In 1906 Fuller Brooker founded The Kansas City Post proclaiming in its first issue:

It will be our purpose in politics to avoid participation in factional disputes and personal quarrels, and seek the general welfare of the Democratic party as a whole, and that only.

In 1909 Denver Post publisher Frederick Gilmer Bonfils and Harry Tammen bought The Post with J. Ogden Armour being the silent partner.[1] The Post with its tabloid format, red headlines and yellow journalism was to tie its star to the rise of the Tom Pendergast political machine.

In 1921 Walter Dickey bought The Journal. He bought The Post in 1922 and combined their operations and 22nd and Oak. Dickey poured money into the papers to compete with The Star ultimately bankrupting his own lucrative clay pipe manufacturing company. The papers combined as The Kansas City Journal-Post on October 4, 1928.

Dickey died in 1931 and his home was to become the first building at what would become the University of Missouri–Kansas City.
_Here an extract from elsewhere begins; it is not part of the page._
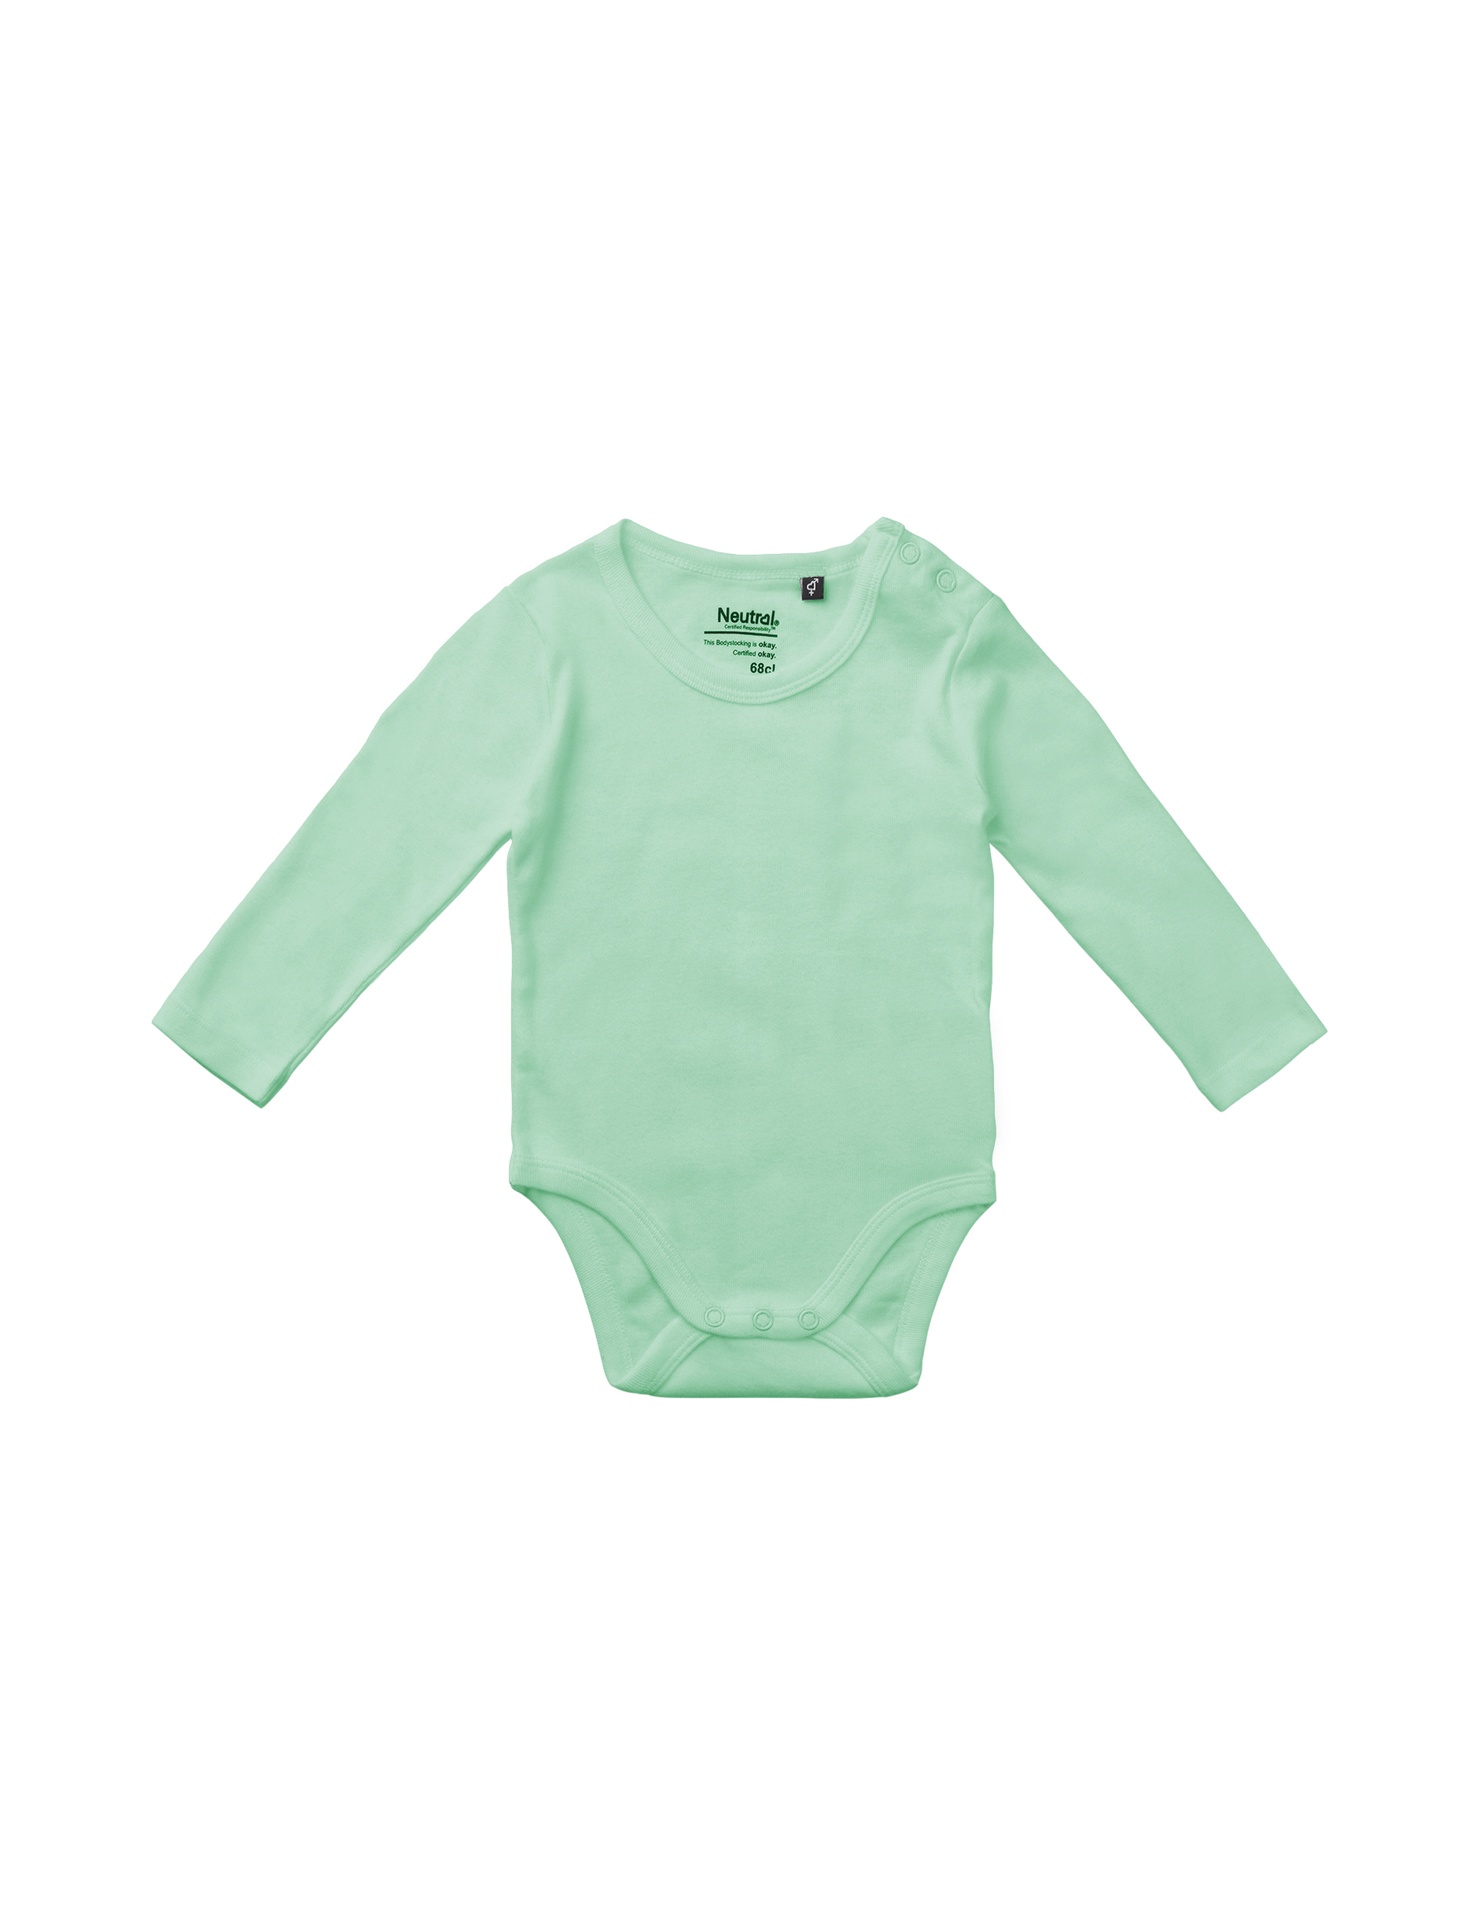 [PR/05737] Babies Long Sleeve Bodystocking (Dusty Mint 40, 62 cm)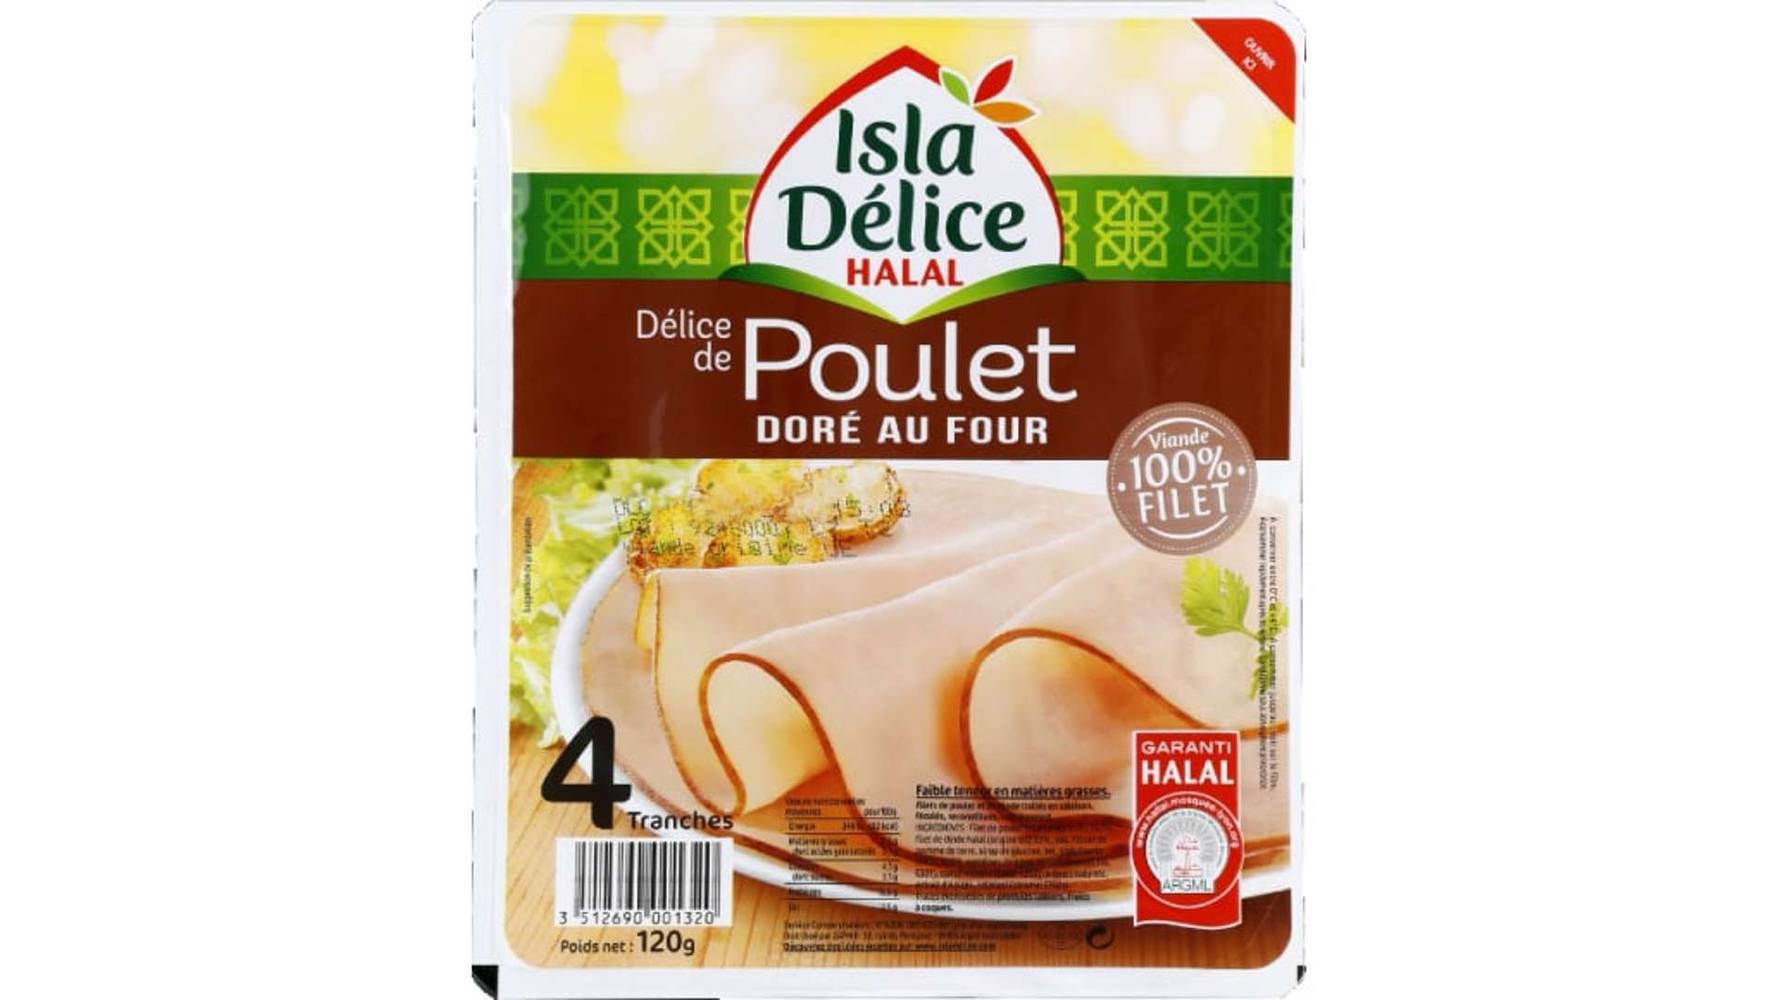 Isla Délice - Blanc de poulet doré au four halal (4 pièces)

In 1938 with the beginning of the collapse of the Pendergast machine, the paper jetisoned The Post name and became The Kansas City Journal. Also in 1938 Journal photographer Jack Wally ran an undercover photo expose of gambling houses under Pendergast that ran in Life magazine.

The paper's last publication was on March 31, 1942. The paper's demise spelled the end of the last daily competition to The Star.